Dokter mendiagnosisnya menderita malaria, yang menyebabkan nyeri pada persendian kakinya dan menurunkan kekebalan tubuh. Akhirnya kesempatan lain datang untuk berpartisipasi dalam pelatihan komando.

Soegito menikmati setiap tahapan yang dilaluinya. Selama panggung panjang ia menyimpan petanya di tasnya dan peserta lainnya, semuanya junior, mengikuti langkahnya.

Salah satu kenangannya semasa latihan komando adalah diberitahu cara melakukan manuver akrobatik dari ketinggian oleh instruktur bintara, justru karena Soegito berasal dari Cilacap. Selang beberapa tahun, seorang instruktur asal Aceh yang dianggap radikal menjadi anggota ketika diterjunkan ke Dili pada Desember 1975.

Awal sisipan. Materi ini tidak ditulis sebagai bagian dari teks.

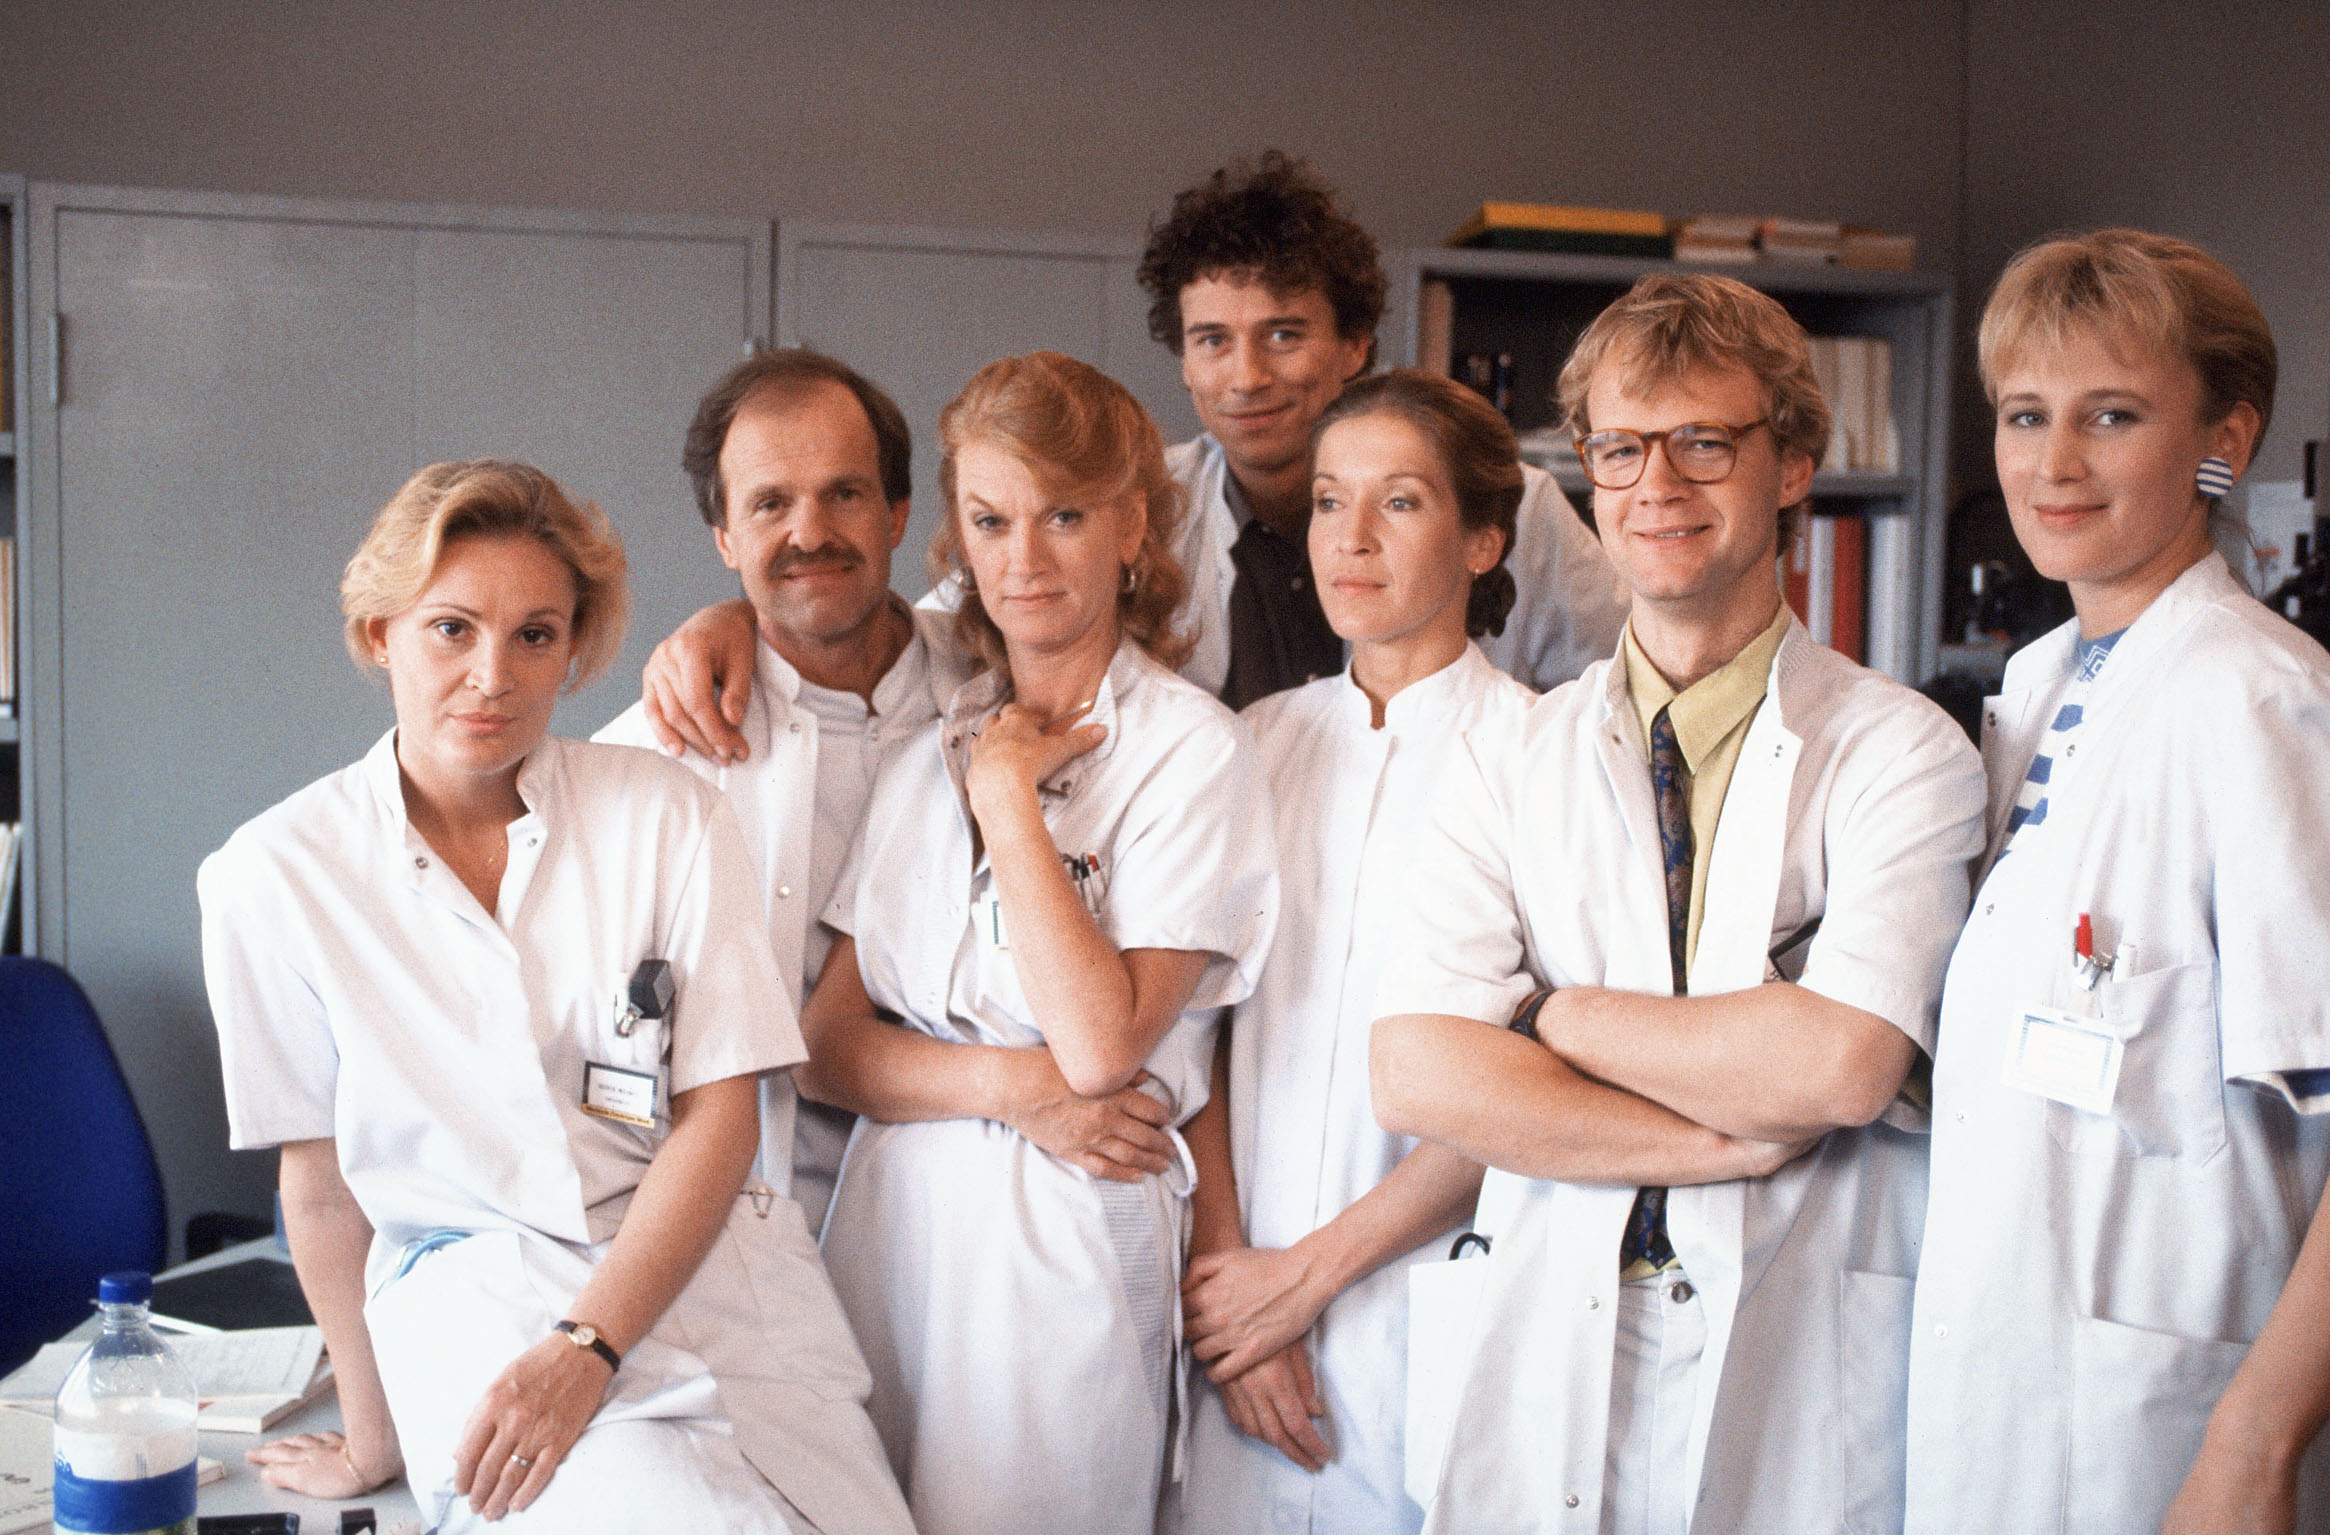 De cast van Medisch Centrum West in 1991. Van links naar rechts: dokter Astrid (Guusje Eijbers), internist Dick (Klaas Hofstra), zuster Reini (Margreet Blanken), dokter Jan (Marc Klein Essink), sociaal-verpleegkundige Nelleke (Marianne Vloetgraven), dokter Eric (Rob van Hulst) en dokter Liza (Anja Winter). Foto: ANP
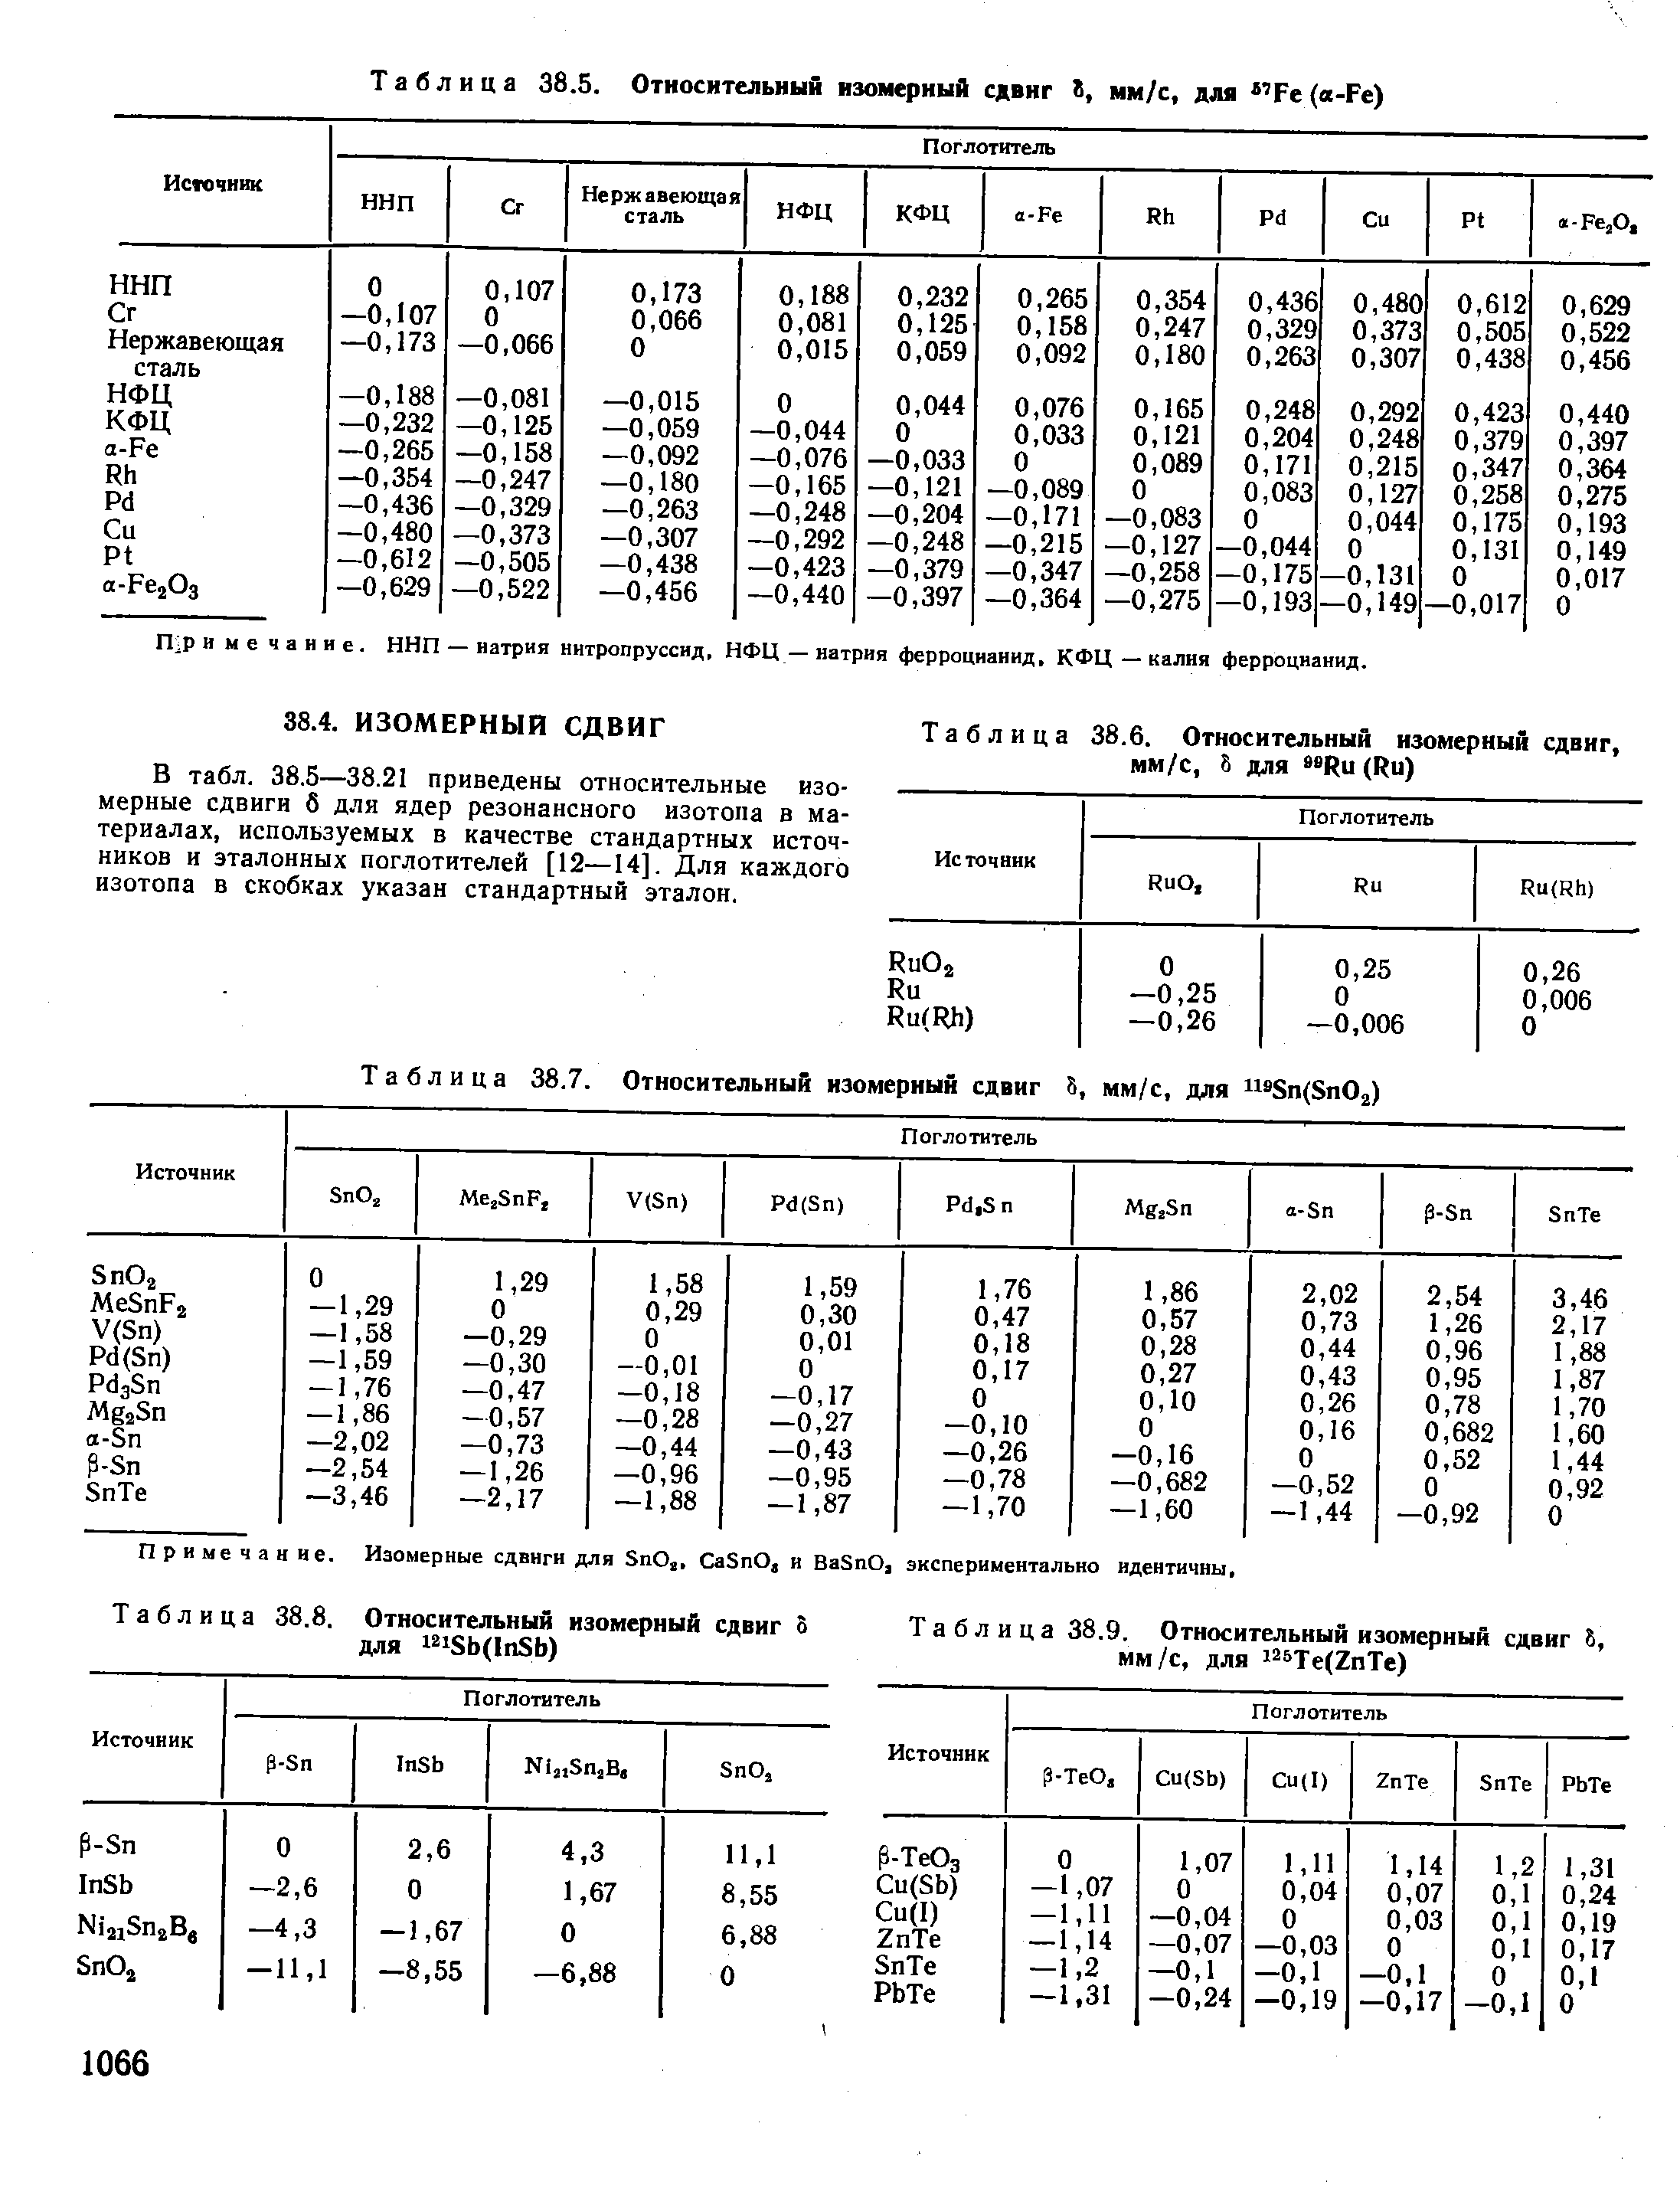 Таблица 38.6. Относительный изомерный сдвиг, мм/с, 8 для Ru (Ru)

Seminggu setelah latihan selesai, Komandan RPRAD Kolonel Inf Sarwo Edhi Wibowo memimpin seluruh peserta pelatihan kembali ke Sijantung untuk mengikuti pawai dan pawai di Senayan.

‘Saya salut dengan kegigihan Pak. Gito. Sekalipun Anda gagal pada latihan pertama, Anda mengulanginya lagi dan lagi hingga selesai. Ini adalah kegigihan yang kami hargai. Dia tidak pernah menyerah. “Memulai dari awal bukanlah main-main, butuh keberanian yang besar,” kata Soetedjo.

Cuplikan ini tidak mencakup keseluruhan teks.